Provided data >>

******

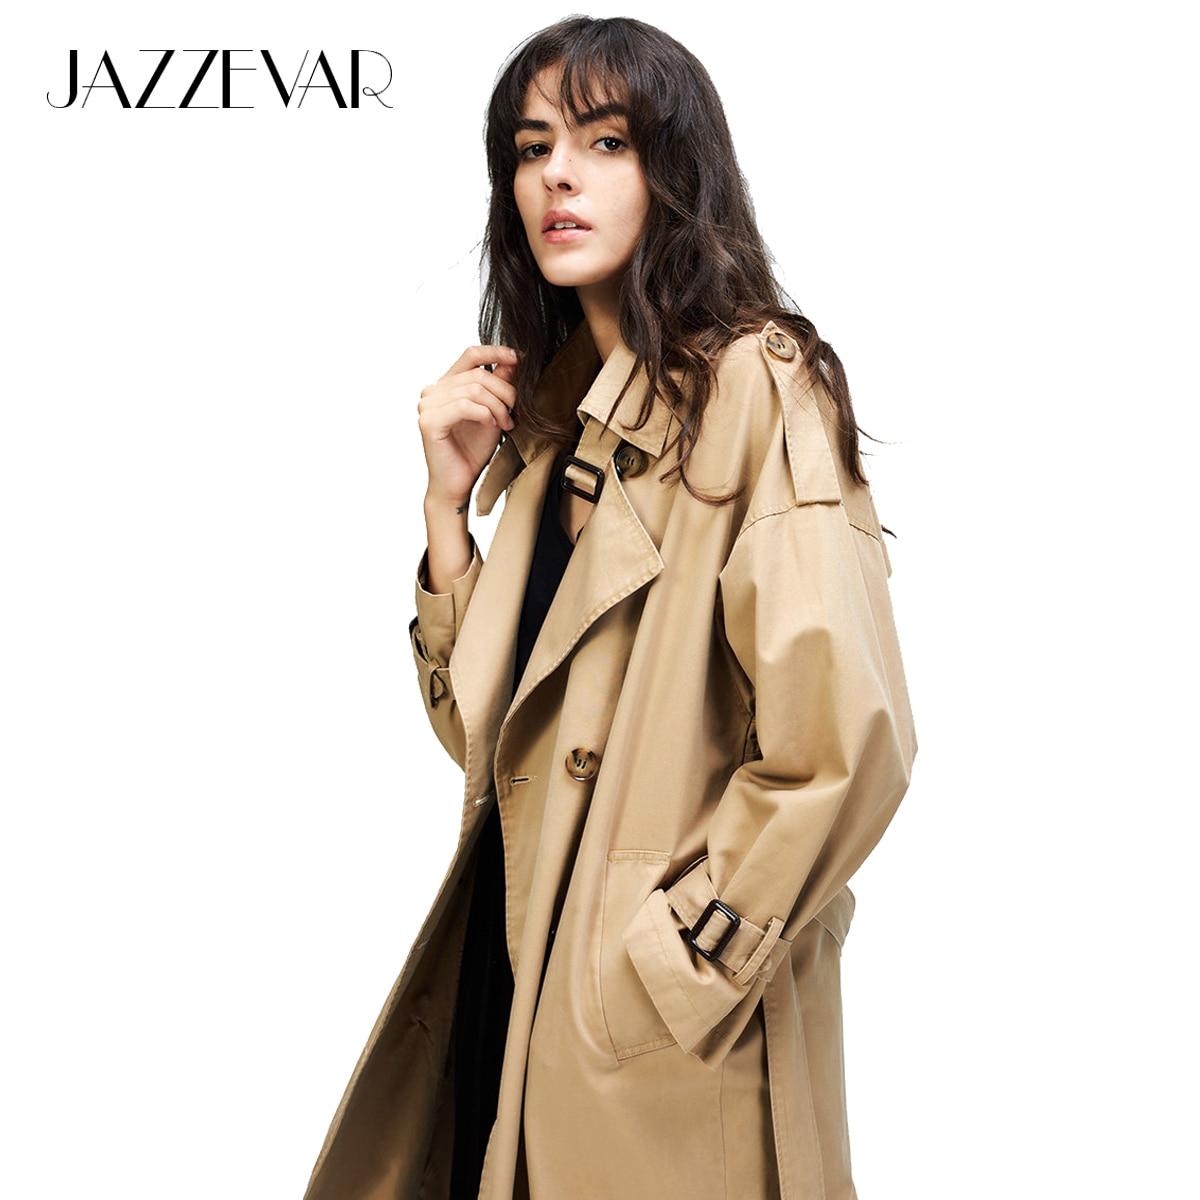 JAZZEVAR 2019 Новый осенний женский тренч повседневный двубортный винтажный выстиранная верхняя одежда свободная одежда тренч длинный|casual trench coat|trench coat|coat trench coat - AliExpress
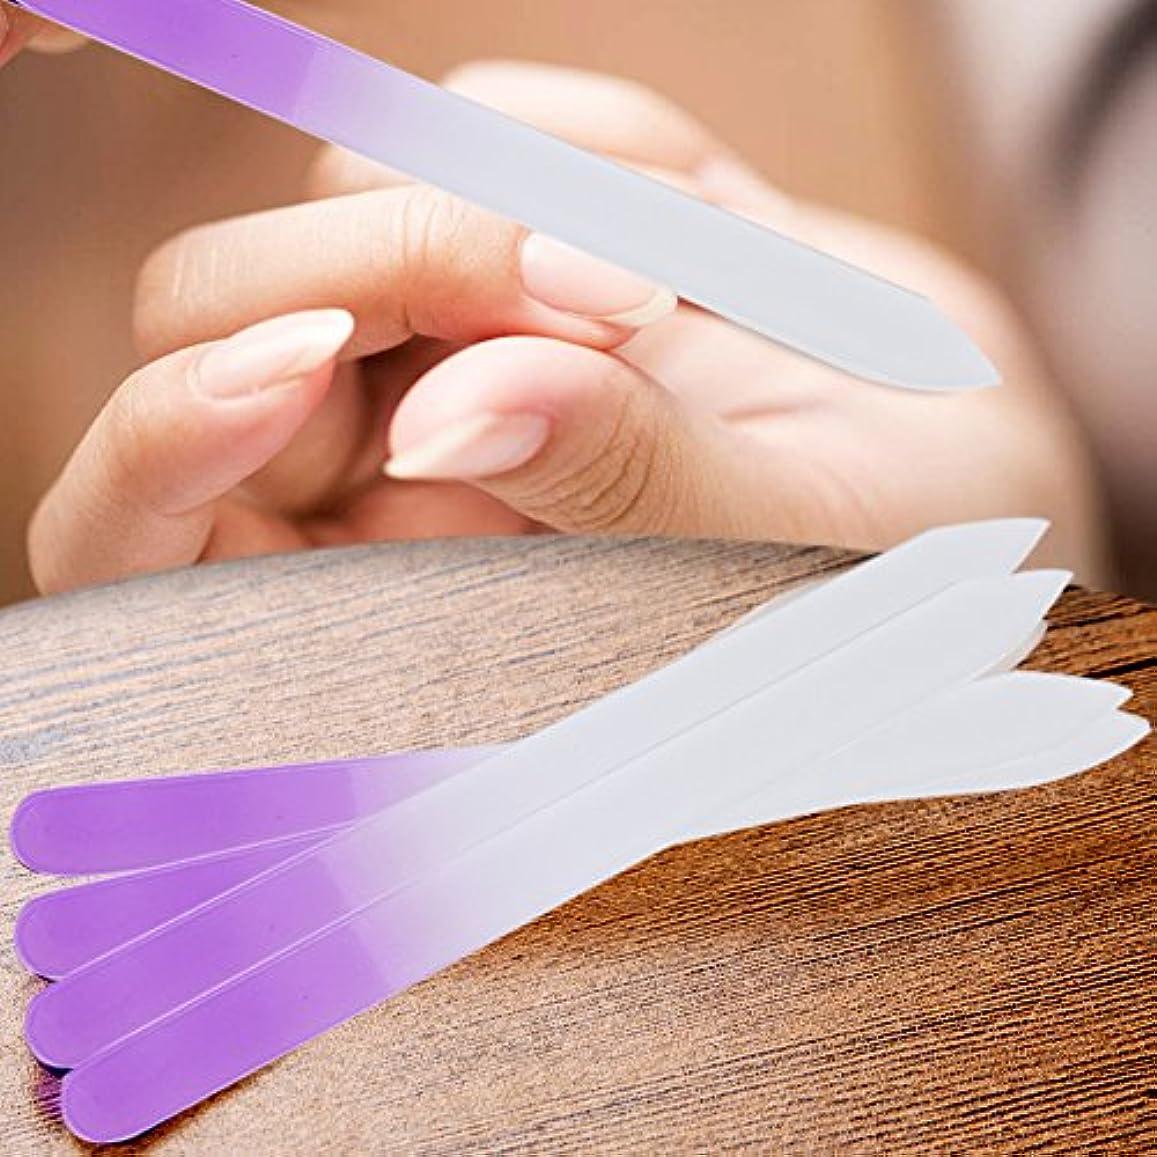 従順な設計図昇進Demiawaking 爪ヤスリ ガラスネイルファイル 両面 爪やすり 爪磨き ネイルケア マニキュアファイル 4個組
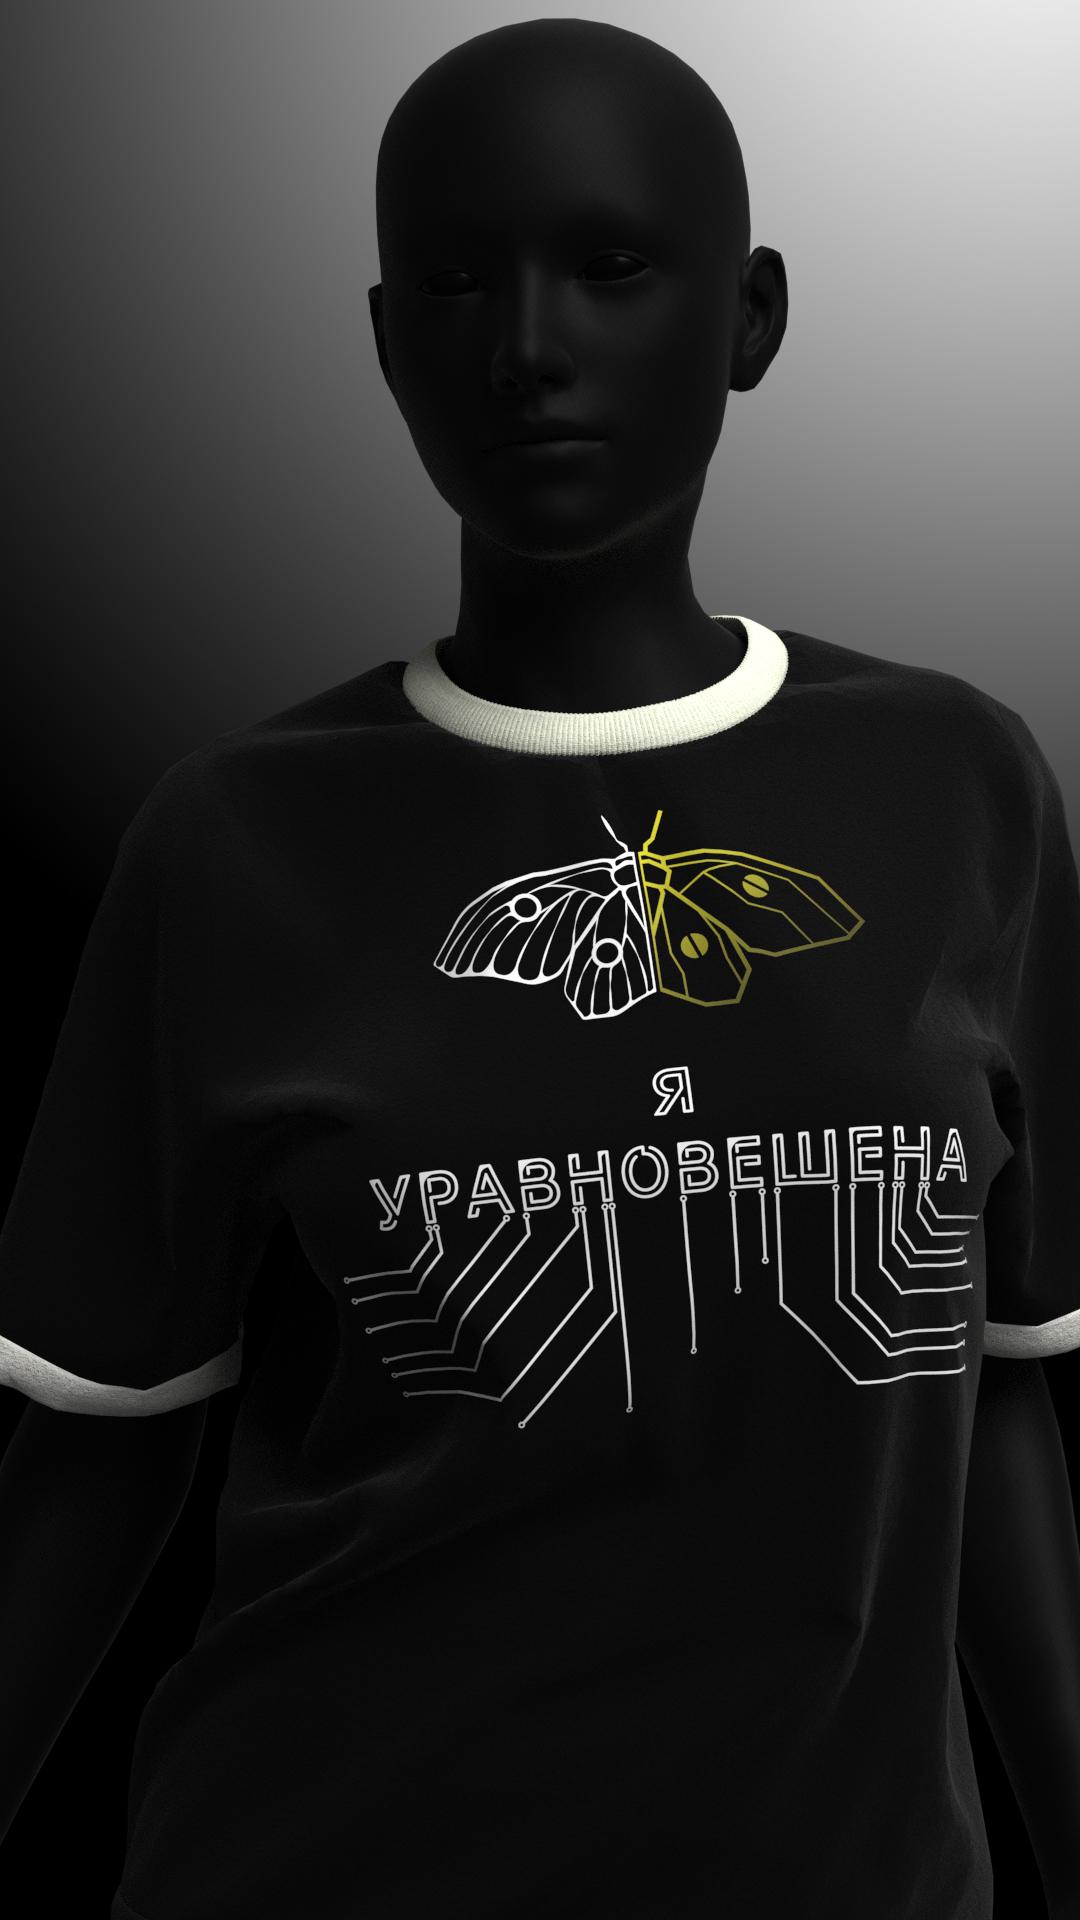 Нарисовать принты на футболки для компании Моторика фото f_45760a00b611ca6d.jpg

******

Work request >> The result is an exact copy of the lines from the one holding "従順な設計図昇進Demiawaking 爪ヤスリ ガラスネイルファイル" through the final line of the data above, both ends included, minus the pictures.

Exercise result >>
 従順な設計図昇進Demiawaking 爪ヤスリ ガラスネイルファイル 両面 爪やすり 爪磨き ネイルケア マニキュアファイル 4個組
 Нарисовать принты на футболки для компании Моторика фото f_45760a00b611ca6d.jpg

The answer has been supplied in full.